THE PROBLEM: From the line containing "Mid-Florida Club Badge" down to the line containing "When I am in", copy out the entries below exactly, both lines included, and nothing else; pictures do not belong in the copy.

WORKING DATA:
================================

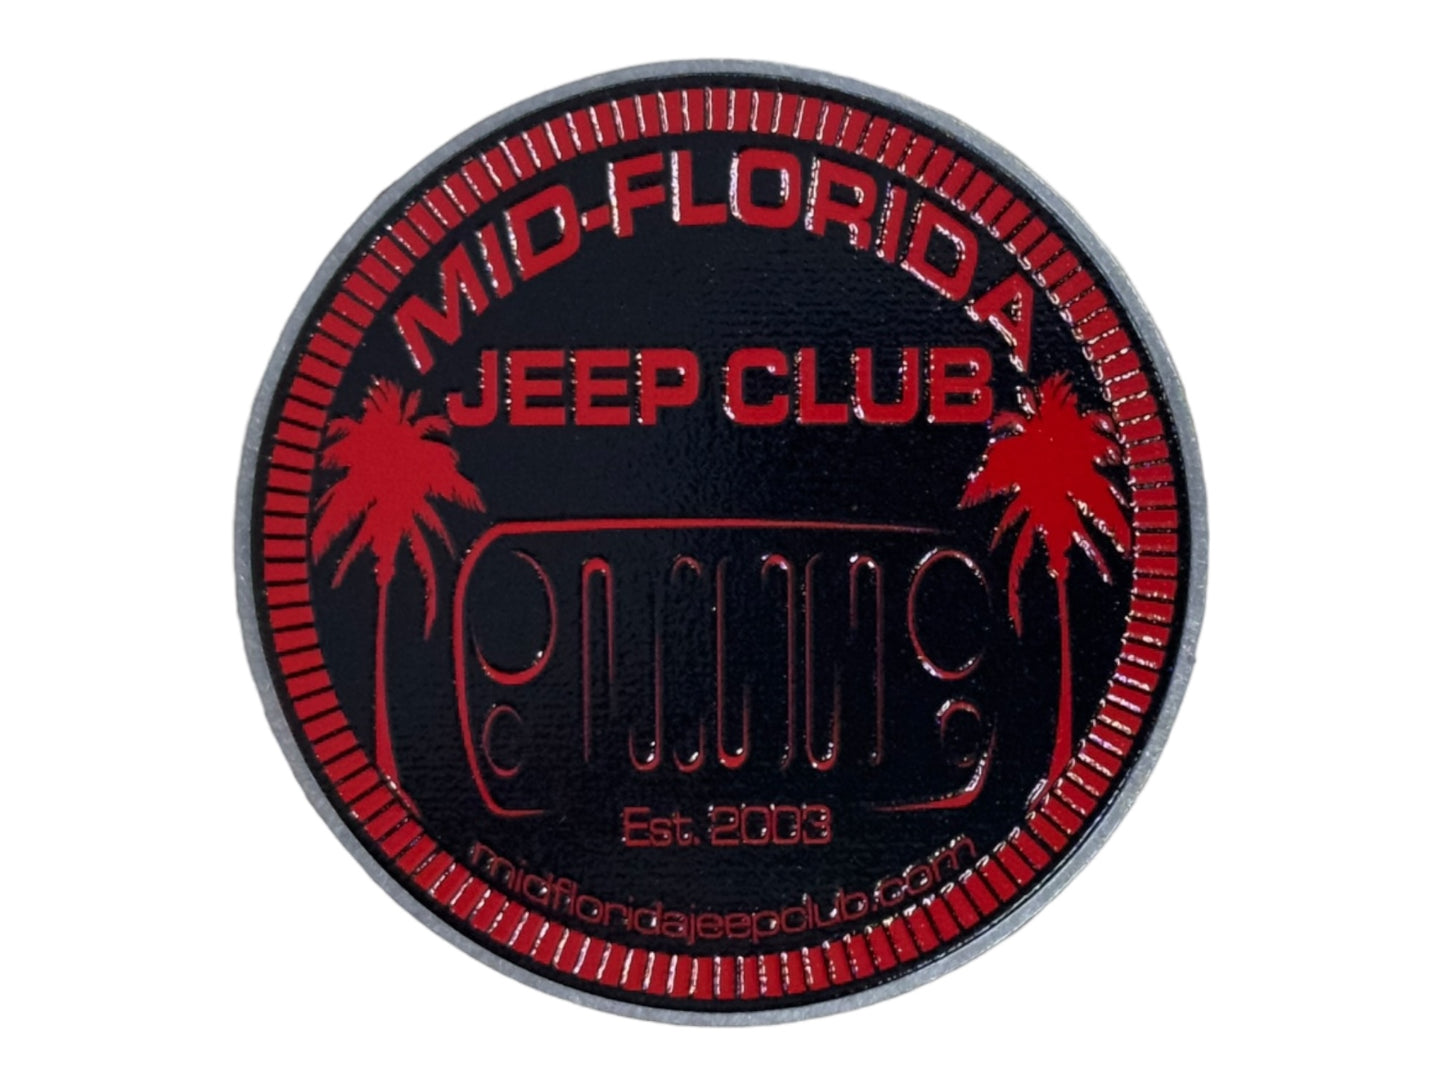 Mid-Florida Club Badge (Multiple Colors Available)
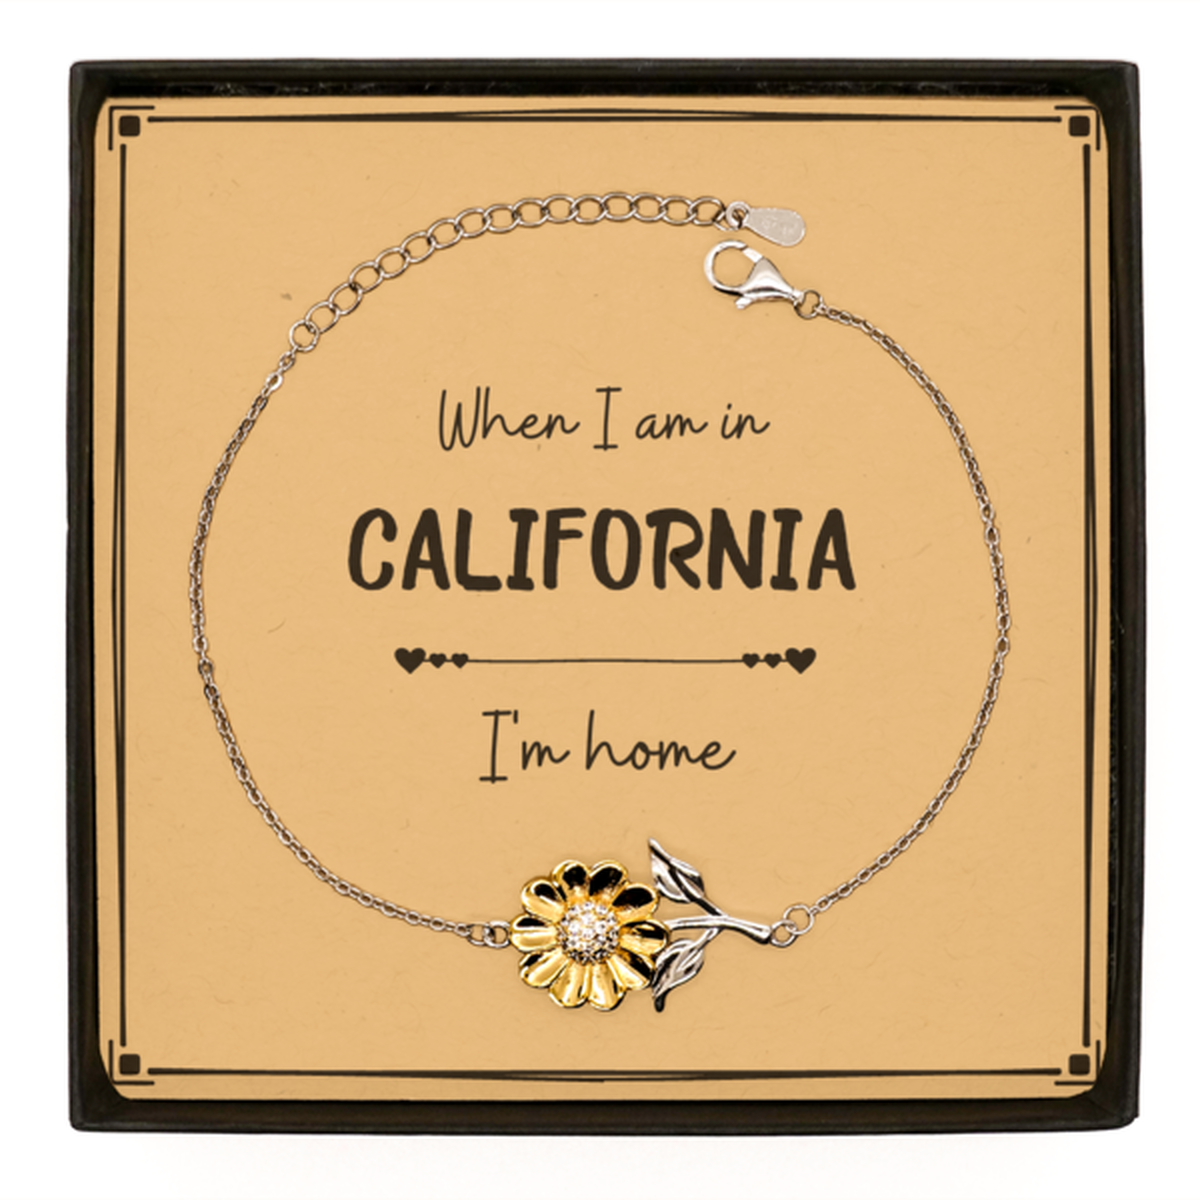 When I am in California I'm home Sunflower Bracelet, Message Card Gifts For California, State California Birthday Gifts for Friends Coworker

================================

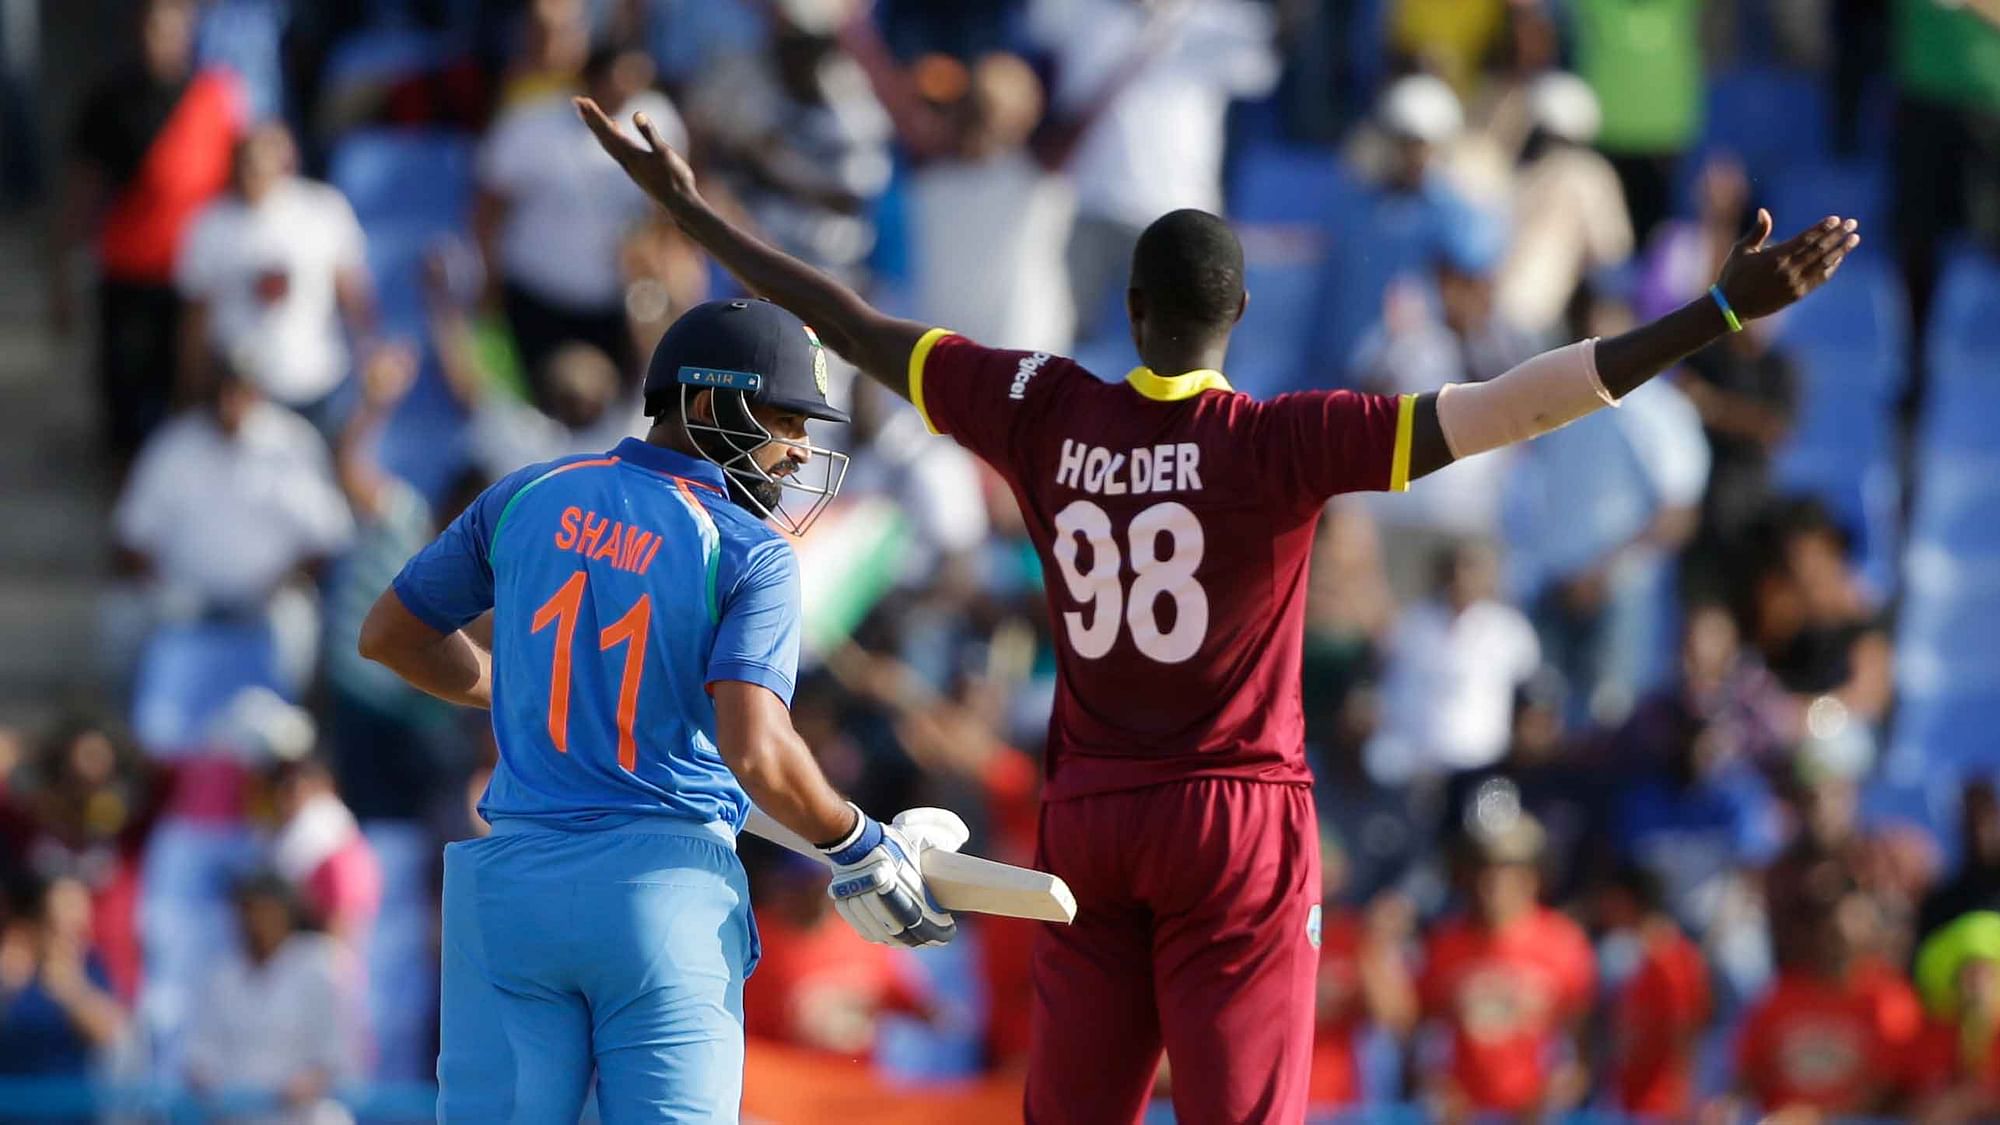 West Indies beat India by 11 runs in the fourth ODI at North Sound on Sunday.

================================

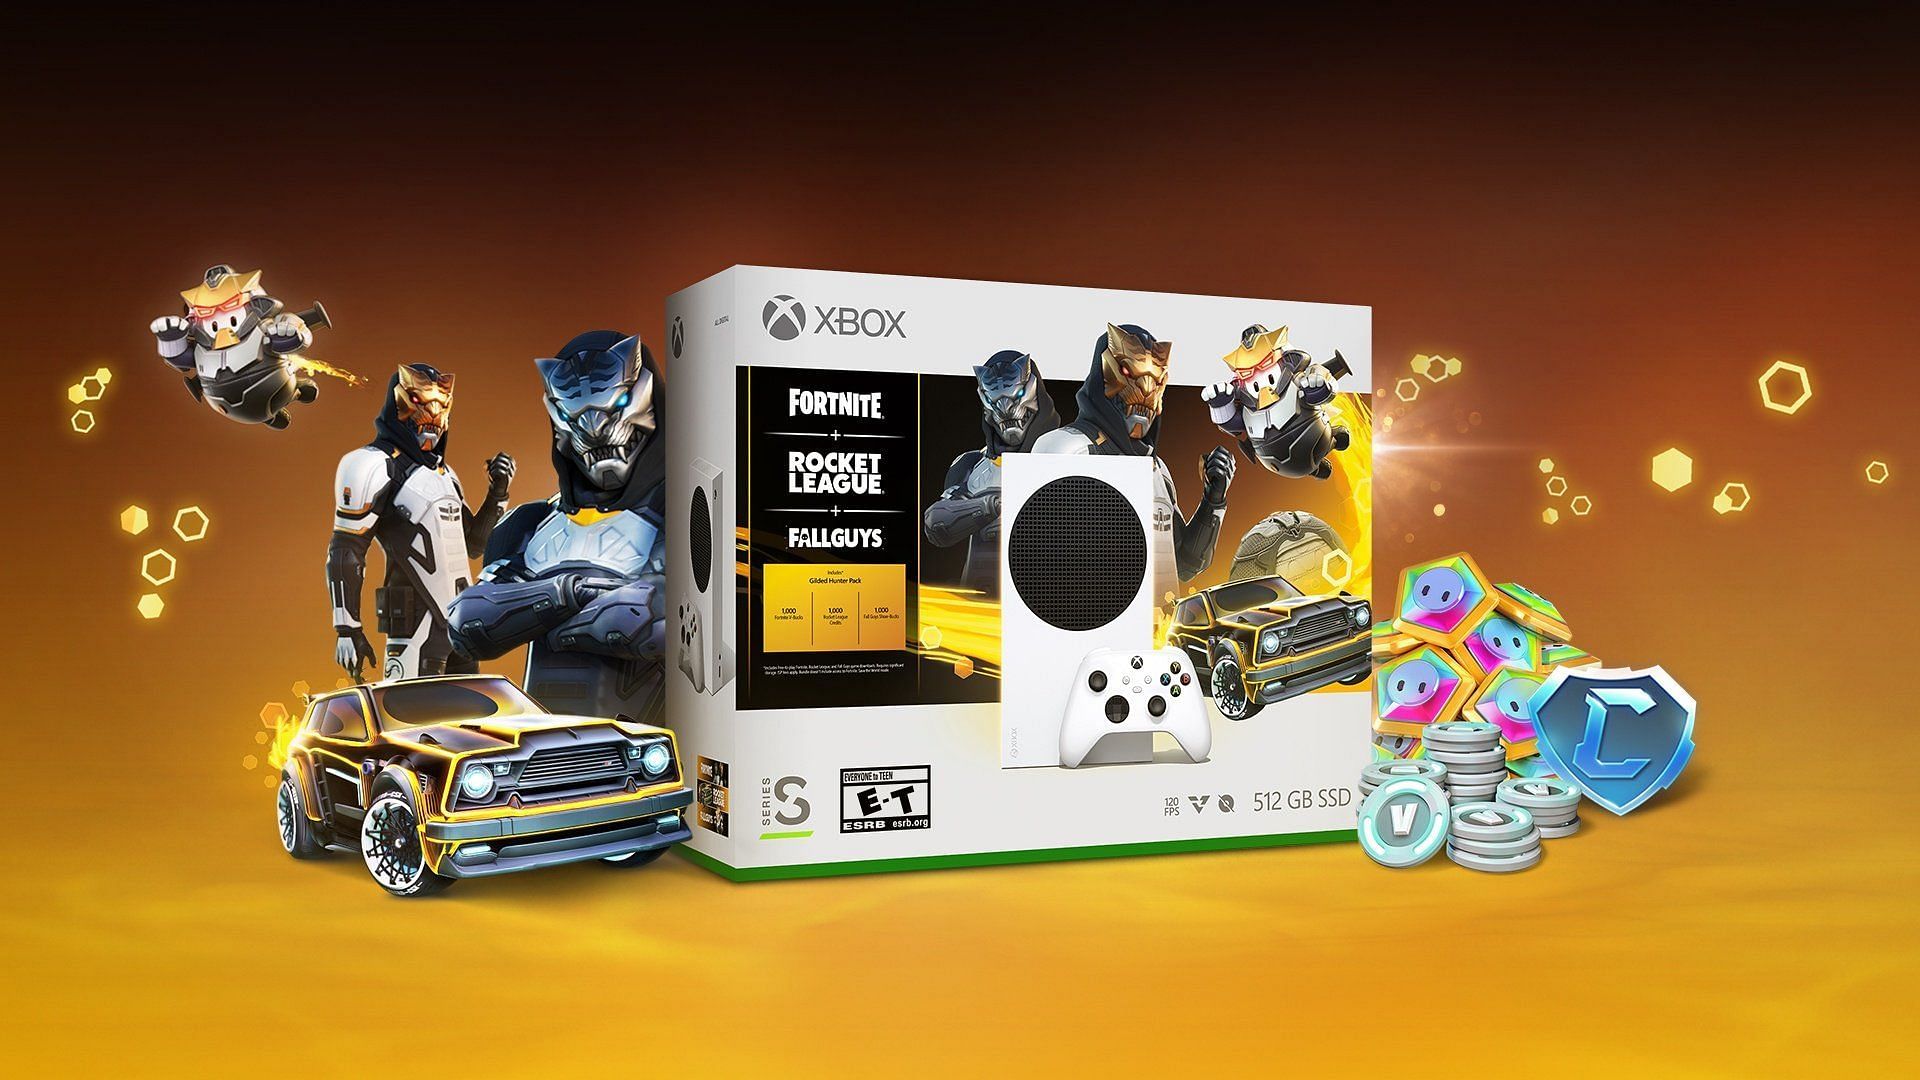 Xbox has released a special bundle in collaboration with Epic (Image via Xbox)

================================

REPLY TO THE TASK:
 Mid-Florida Club Badge (Multiple Colors Available)
 When I am in California I'm home Sunflower Bracelet, Message Card Gifts For California, State California Birthday Gifts for Friends Coworker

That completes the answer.